Would be better if the new API proposal would be extended to allow specifying additional characters that should be encoded with \u encoded sequences. In that case, callers that know the JSON is destined to be placed inside such HTML script islets could add < to the to-be-encoded set of characters and have them be encoded directly within the JSON itself - and then that would suffice.

davidmatson commented 1 year ago

@rjgotten - that's a very interesting case.

From looking at the API surface, I believe the same question applies to the existing JavaScriptEncoder.UnsafeRelaxedJsonEscaping.

string data = "</script>";
string json = JsonSerializer.Serialize(data, new JsonSerializerOptions {
    Encoder = JavaScriptEncoder.UnsafeRelaxedJsonEscaping });
Console.WriteLine(json);

produces:

"</script>"

Would be better if the new API proposal would be extended to allow specifying additional characters that should be encoded with \u encoded sequences. In that case, callers that know the JSON is destined to be placed inside such HTML script islets could add < to the to-be-encoded set of characters and have them be encoded directly within the JSON itself - and then that would suffice.

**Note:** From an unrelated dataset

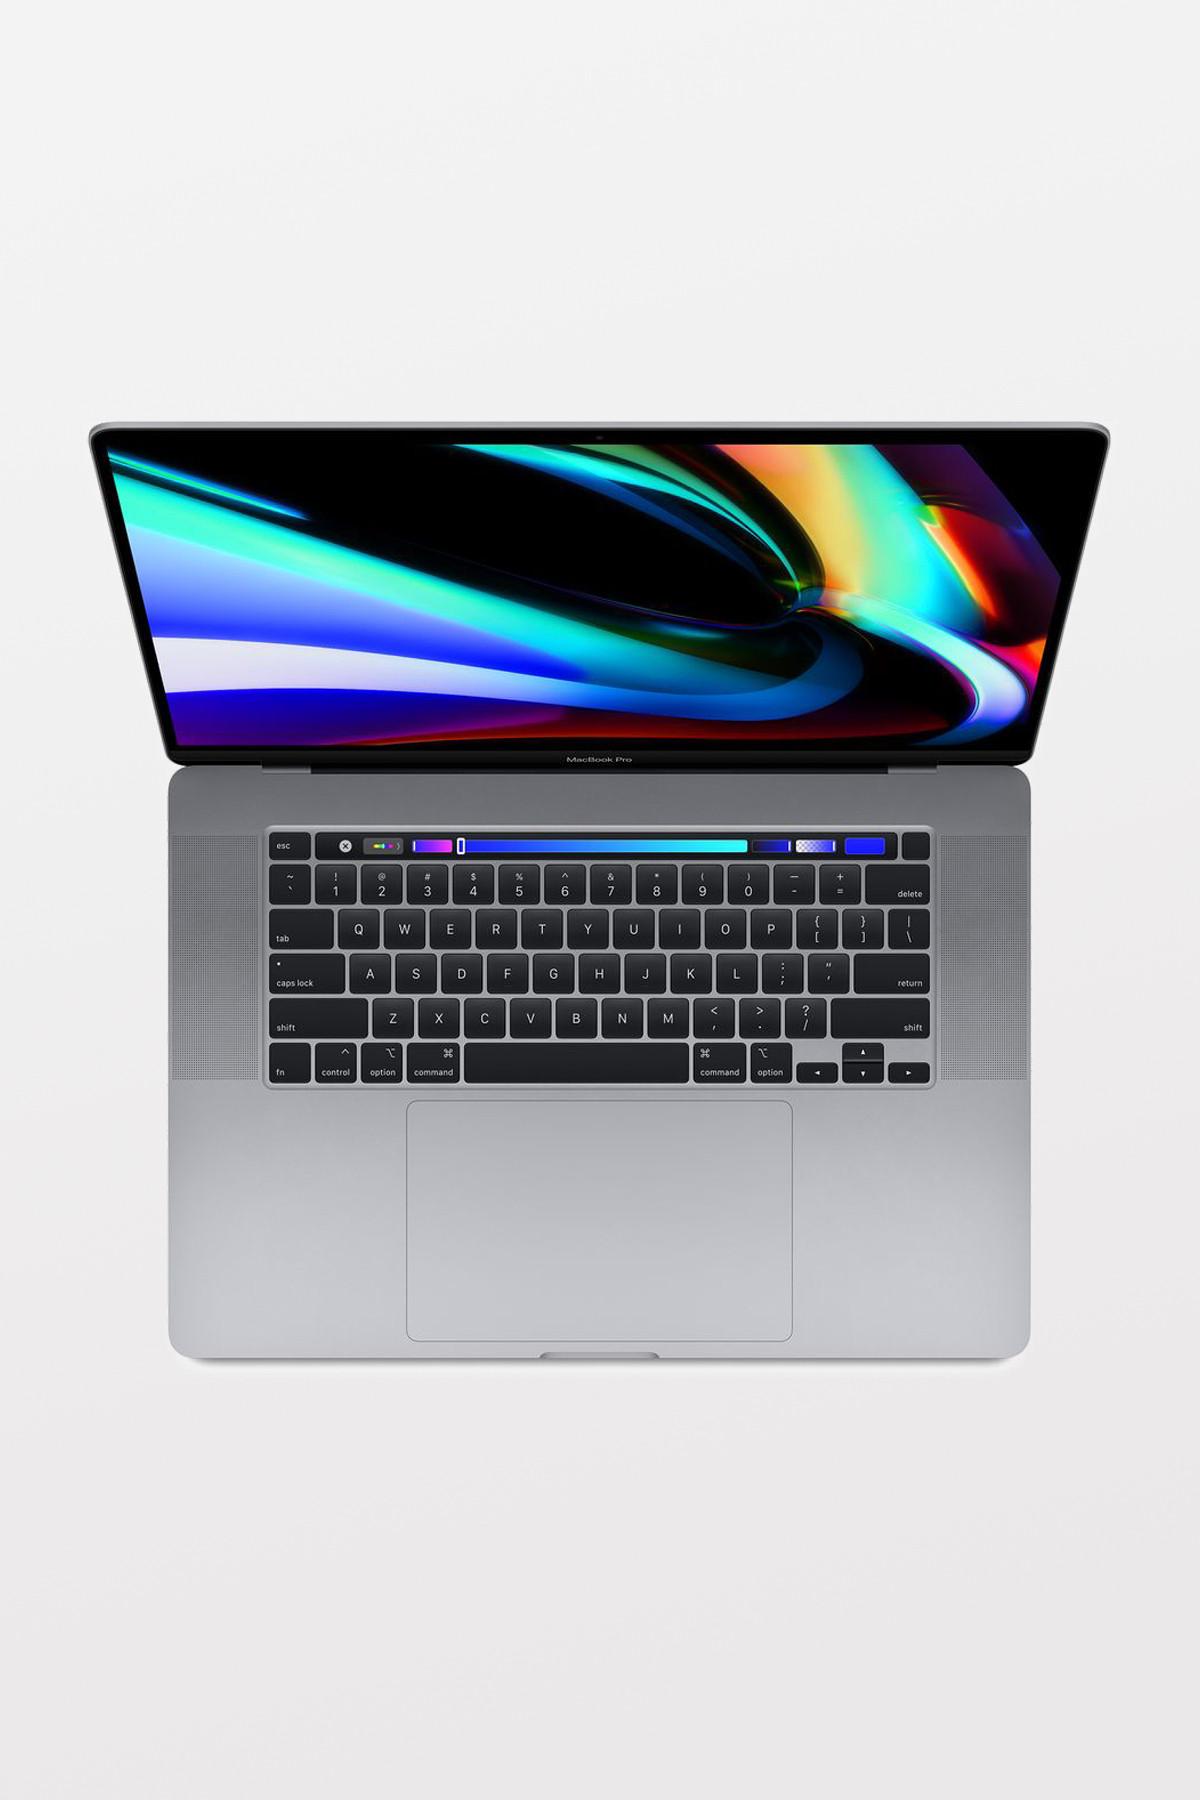 "MacBook Pro 16"" - TouchBar - Space Grey/2.6GHZ 6-Core 9TH-GEN i7/16GB/512GB/4GB RADEON PRO 5300M"
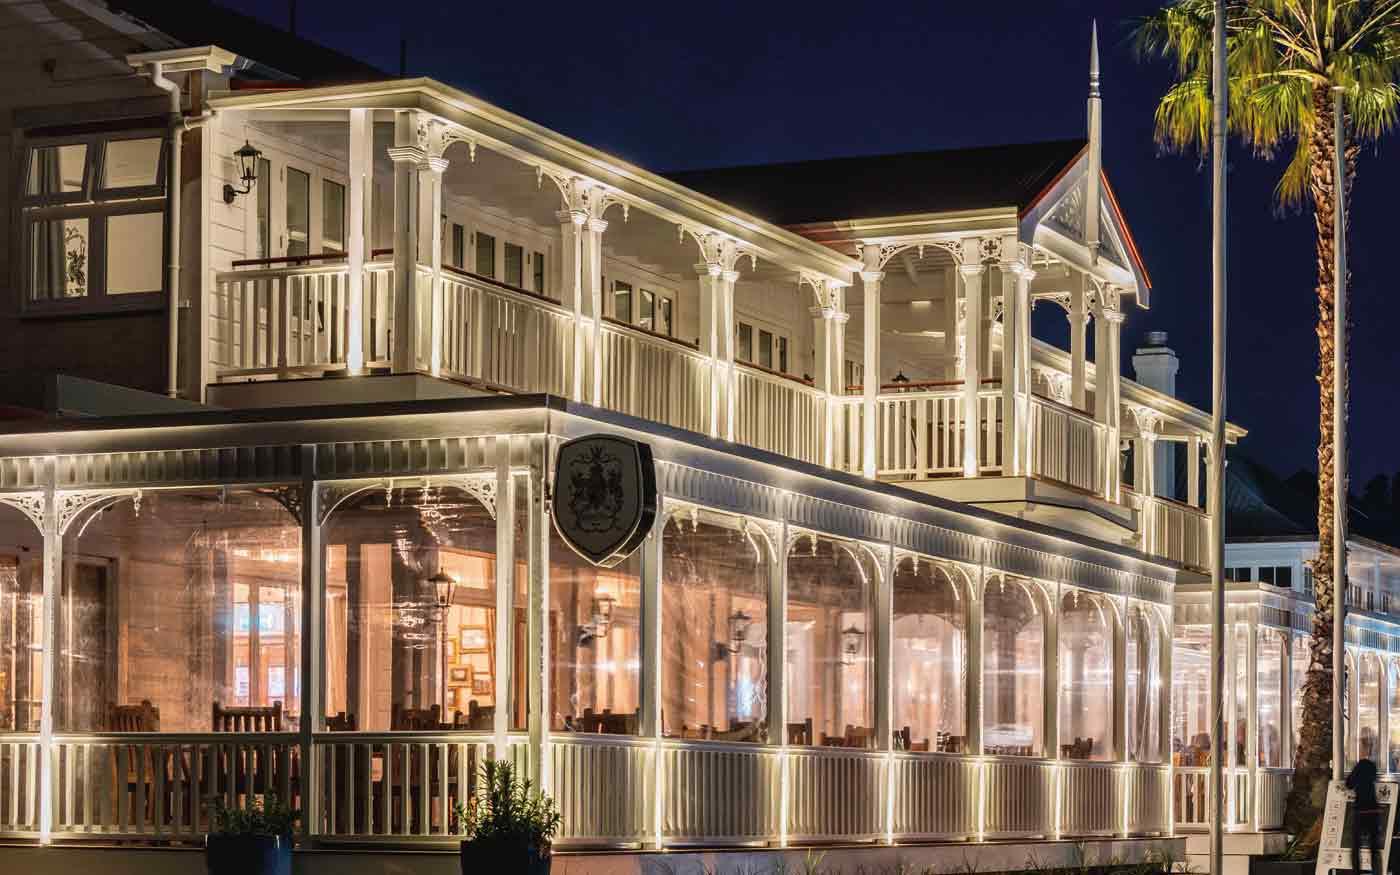 The Duke of Marlborough Hotel / NZ

I think that's an interesting option to consider. I'd tend to leave that functionality out of this API for simplicity. As far as I can tell, JavaScriptEncoder.UnsafeRelaxedJsonEscaping also does not escape these characters and cannot be customized to escape them (without subclassing) - I'd tend to do the same here.

osexpert commented 1 month ago

Inspired by this problem, I made https://github.com/osexpert/ExtremeJsonEncoders. Inspired by @rjgotten I also added extraAsciiEscapeChars option to MinimalJsonEncoder (limiting it to ascii made it easier/faster, can get away with a 128 bool[] map). The code is a ripoff/fork from code in dotnet runtime.

dotnet-policy-service[bot] commented 1 month ago

Tagging subscribers to this area: @dotnet/area-system-text-encodings-web See info in area-owners.md if you want to be subscribed.

gregsdennis commented 1 month ago

@eiriktsarpalis why transfer this to encodings.web? It seems useful outside of the context of web. I think it'd be nice to have in STJ (where it would be used) rather than a different package (requiring an additional reference).

eiriktsarpalis commented 1 month ago

It's just where all the encoding implementations are located.